# '92 Max - Amp Install Question



## sanford7575 (May 23, 2006)

I just purchased an aftermarket CD/Cassette system with 4 new speakers of the way around as well as a 4ch amplifier, but I am unsure of a suitable spot to run the power wire for the amplifier which will live in the trunk. 
Does anyone know of a pre-existing hole for which to route the amp power wire from the (battery) in the engine bay? Did everyone that added an amp have to drill a hole through the firewall? If so, where did you drill? 
Anyone have any insight or suggestions?
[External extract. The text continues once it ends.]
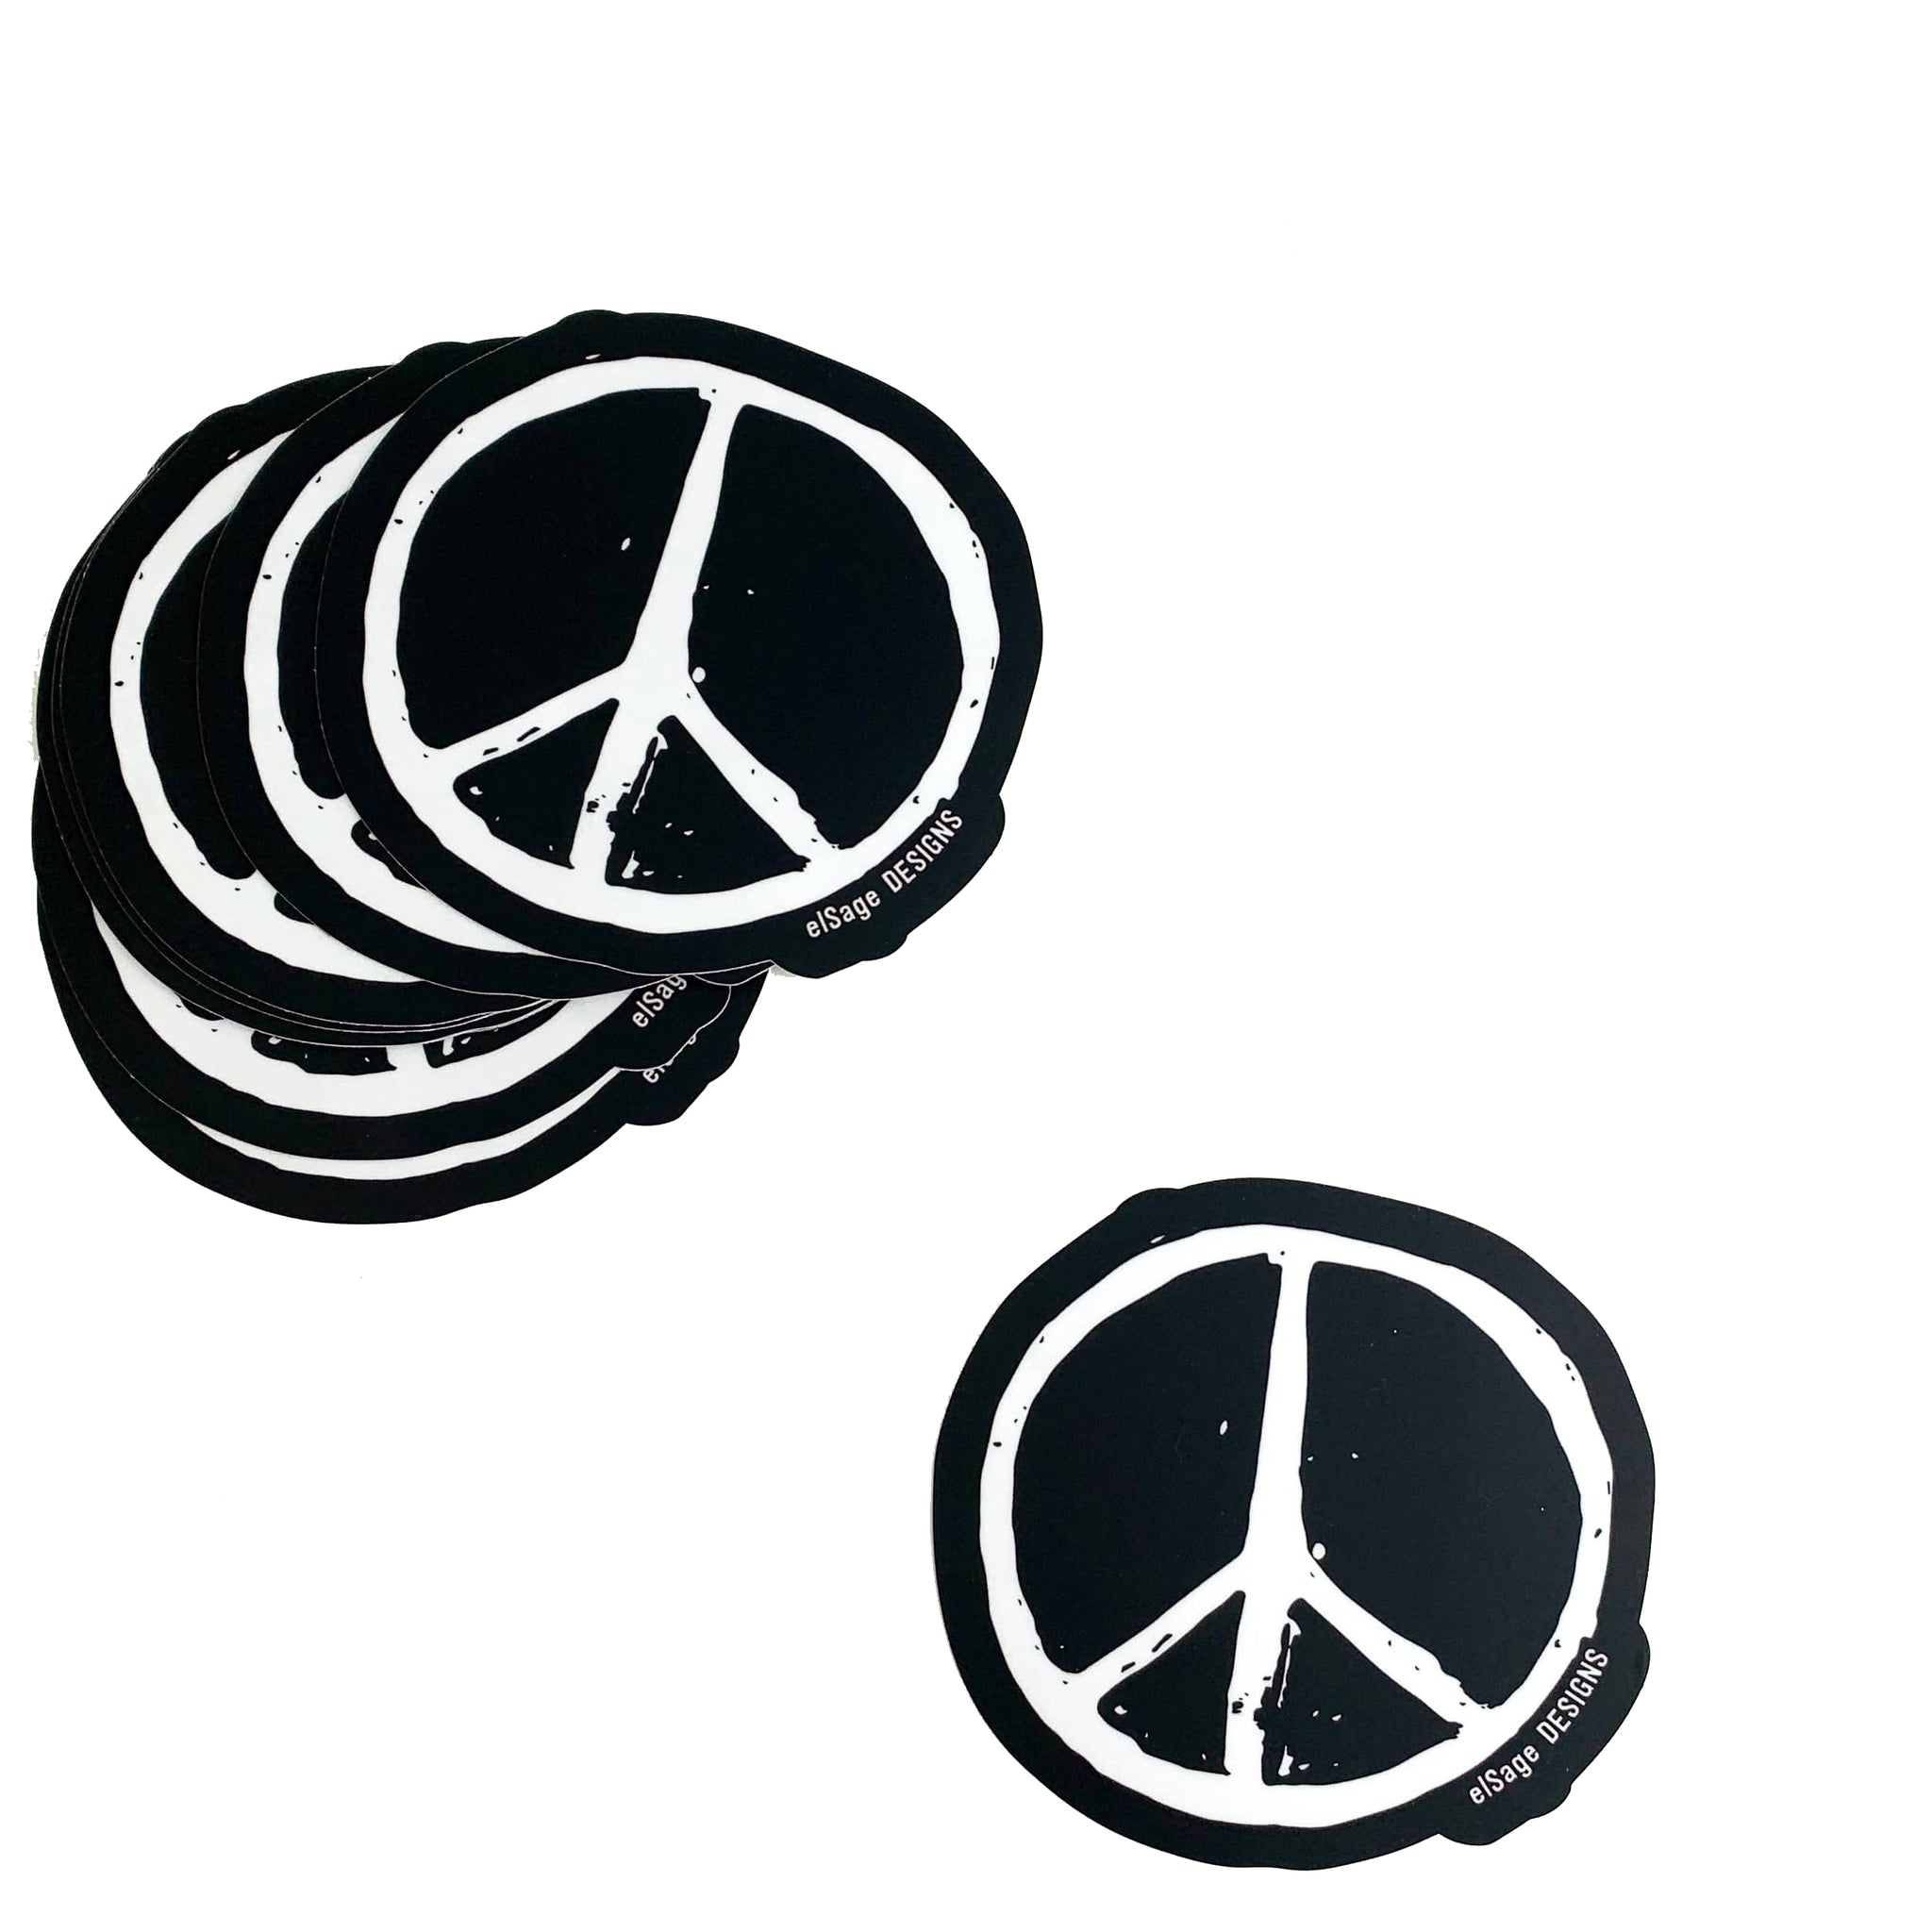 Peace Sticker in Black and White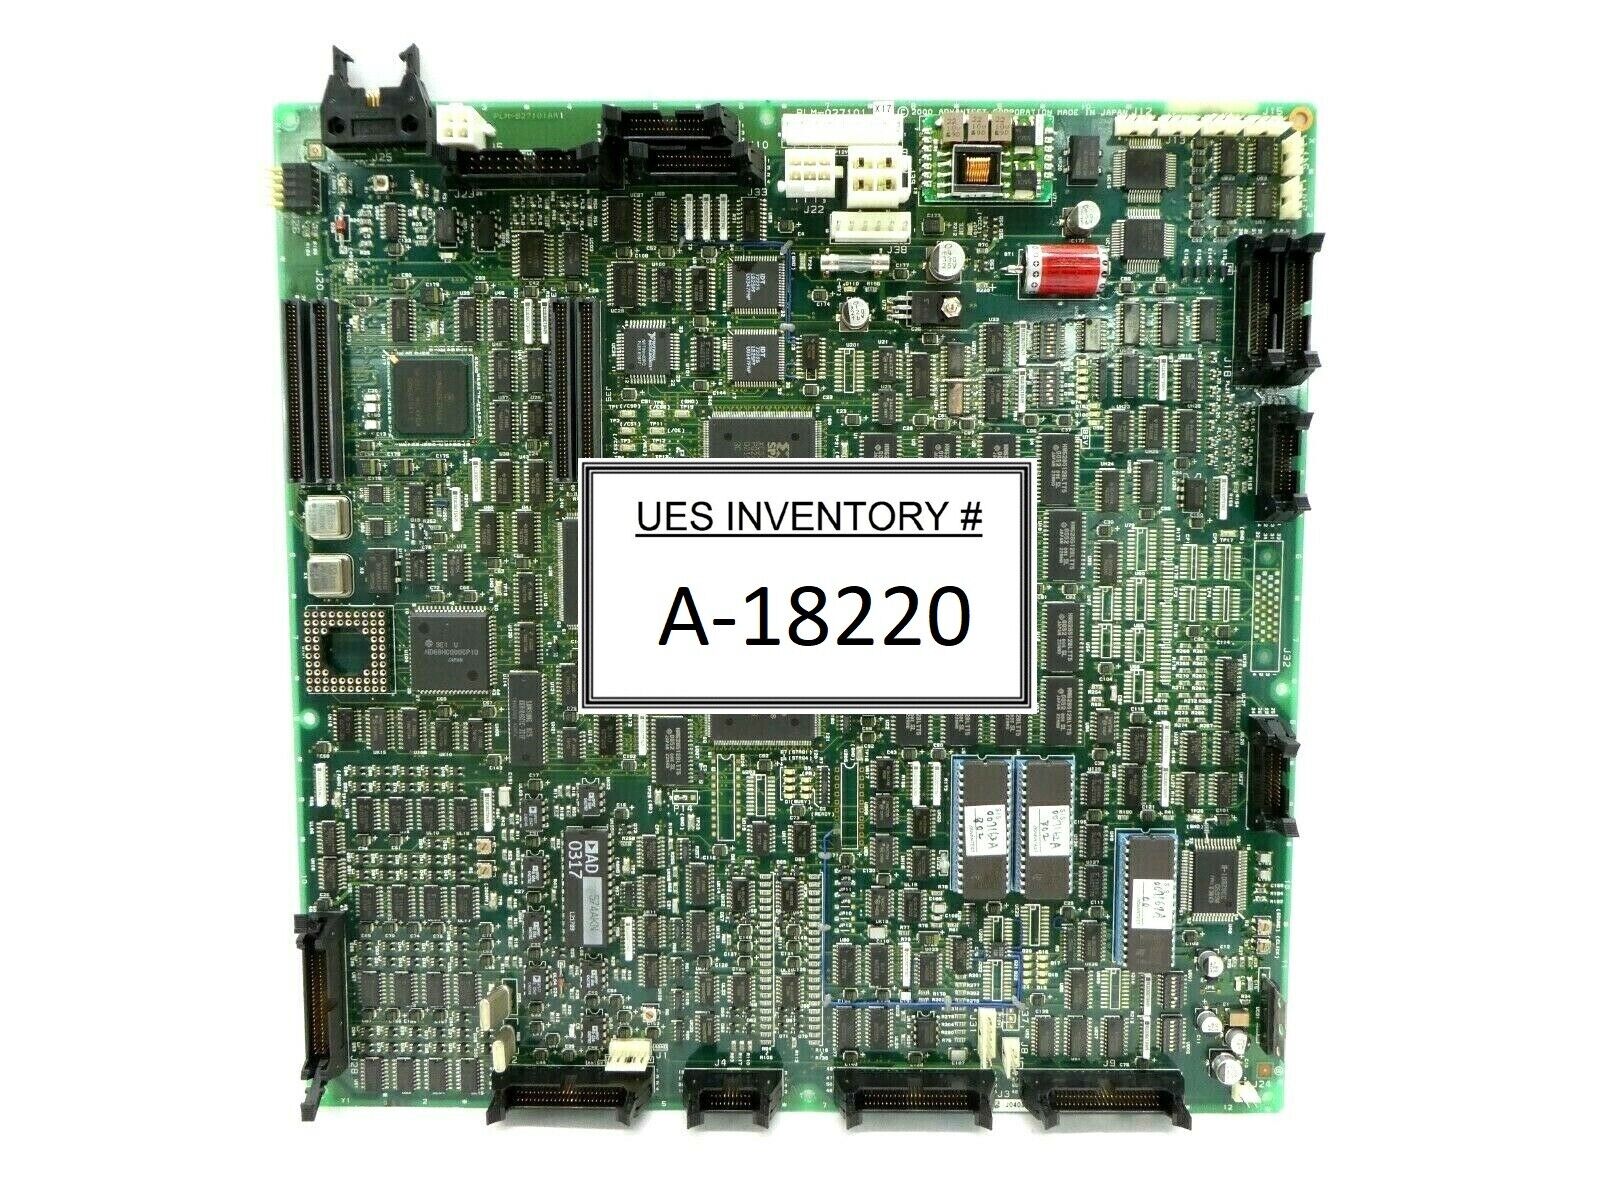 Advantest BLM-027101 Motherboard PCB X17 PLM-827101AA1 DEF03-3R0P 007167A Spare

I am not new to radio installs, but this is my first amp install.


----------



## Matt93SE (Sep 17, 2003)

Pull the left side fender liner, and you'll see the grommet for the hood release cable.
it's big enough you can poke a second hole in it for a 4awg wire, but if you want to go any bigger than that, you'll need to drill another hole. 
the good news is, there's plenty of room in that area if you need to go bigger. I've got a 1/0 cable through its own hole next to the same one for the hood release cable.


once you run the cable through the hole, you can run it next to the wiring harness inside the fender and then put the liner back in place. completely stealth.


----------



## sanford7575 (May 23, 2006)

Thanks!
I'll retry my install this weekend and let you know how it goes!


----------